Marcel the Missionary
Marcelsolo

And that’s exactly what he did. He rededicated himself to the prayer life he and Marguerite had established before the war. He also began to organize JOC-inspired activities for his friends in the barracks. They would play sports and cards, perform plays, and pray together. He found a French priest to say Mass for them once a month. In short, he stopped looking at his awful life and instead focused on choosing to love his God and his community. His hope and joy came back and spread to his fellow prisoners.

The S.S. also noticed the change in Marcel. They arrested him on April 19, 1944. While the officers search through his belongings, his friends asked for a reason for his arrest.  One of the officers replied, “Monsieur est trop Catholique” (translation: He is too Catholic).

Martyrdom

The Germans interrogated him. He admitted to being a part of the JOC, which the Germans had banned as a clandestine organization. He was sent to the concentration camp at Mathausen. The conditions were even worse than in the forced labor camp, but Marcel knew how to keep his joy. He continued to pray and encourage his fellow prisoners, even as he suffered from bronchitis, malnutrition, dysentary, fever, swellings, and generalized weakness, all in addition to his previous ailments. One prisoner had smuggled in a box of consecrated hosts and was able to give him his final Eucharist, also known as Viatacum.

His joy and hope were present to the end. The latrines at Mathausen were designed so that weaker prisoners would fall into them. Marcel nearly drowned in one, but was pulled out by a Colonel Thibideux. Marcel was too weak to even speak at this point. However, the colonel remembered that even covered in human waste and dying, “there was a holiness in [Marcel’s] eyes. I had never before seen anyone look that way!”

Beatification

Marcel died on the feast of St. Joseph, March 19, 1945. It was exactly two years after he left France.  The last time he had seen Marguerite was at the train station, when she told him he was going to be a martyr.

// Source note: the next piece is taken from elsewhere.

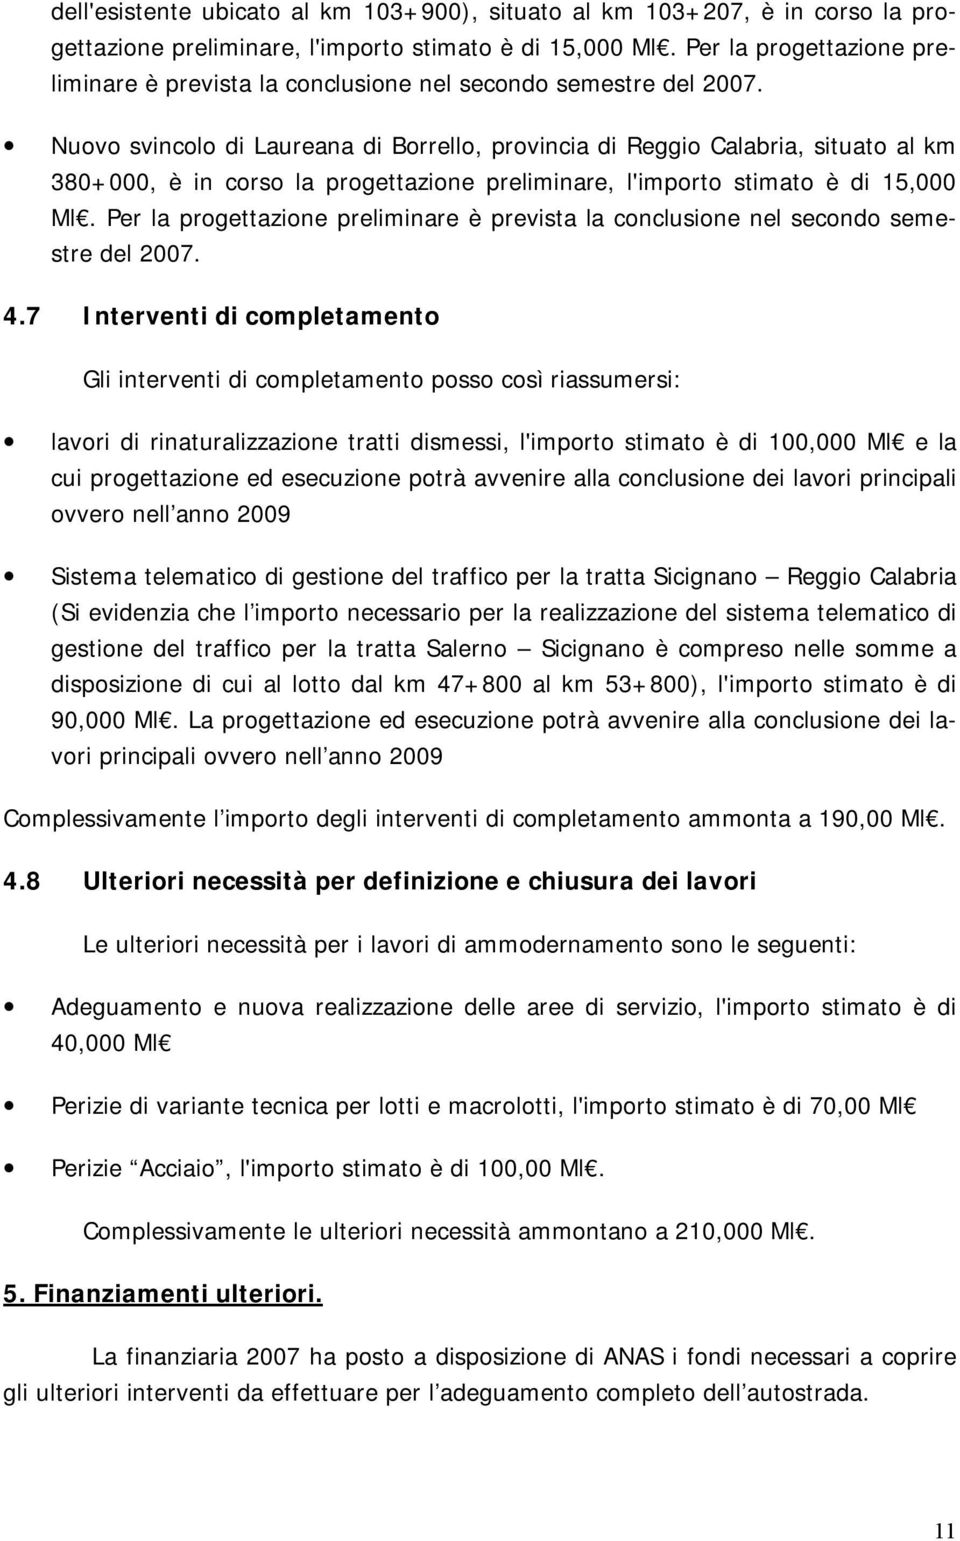 Nuovo svincolo di Laureana di Borrello, provincia di Reggio Calabria, situato al km 380+000, è in corso la progettazione preliminare, l'importo stimato è di 15,000 Ml.  4.

He told her that he would never be good enough for that. St. John Paul II disagreed, and declared him a martyr for the faith on October 4, 1987. The pope said that like Christ, Marcel “loved until the end, and his entire life became the Eucharist.

“Received into the everlasting joy of God, [Marcel] testifies that the Christian faith cannot separate Heaven from Earth. Heaven is prepared on Earth through justice and love,” the pope said.

“Nourished by prayer, the sacraments, and apostolic action….he built the Church with his brothers, the young Christian workers. It is in the Church that we become Christian, and it is with the Church that we build a new humanity.”***

A man for our generation
Marcel

And that’s why I love Marcel. He started off as the kind of Christian so many of us are early in our conversion: overzealous, obsessed with vocation, and more interested in looking Catholic than cultivating a deep relationship with Christ.

But then he was stripped of absolutely everything. His little sister was killed, his vocation was snatched away, and he was forced to take the place of German workers who had killed his family. He couldn’t even maintain the prayer and sacramental schedule of his former life. Yet his response was simply to find Christ already present in those dismal surroundings and dedicate himself to bringing others to the Lord. He offered his sufferings for the sake of his brother’s mission as a priest. Even when he was too weak to speak, he changed something in the colonel just by looking at him.

You don’t get that kind of radiance from simply following the rules. It comes from falling deeply, irrevocably in love with Christ, and knowing that his peace and joy are available no matter what happens to you. That’s the kind of twentysomething our world needs.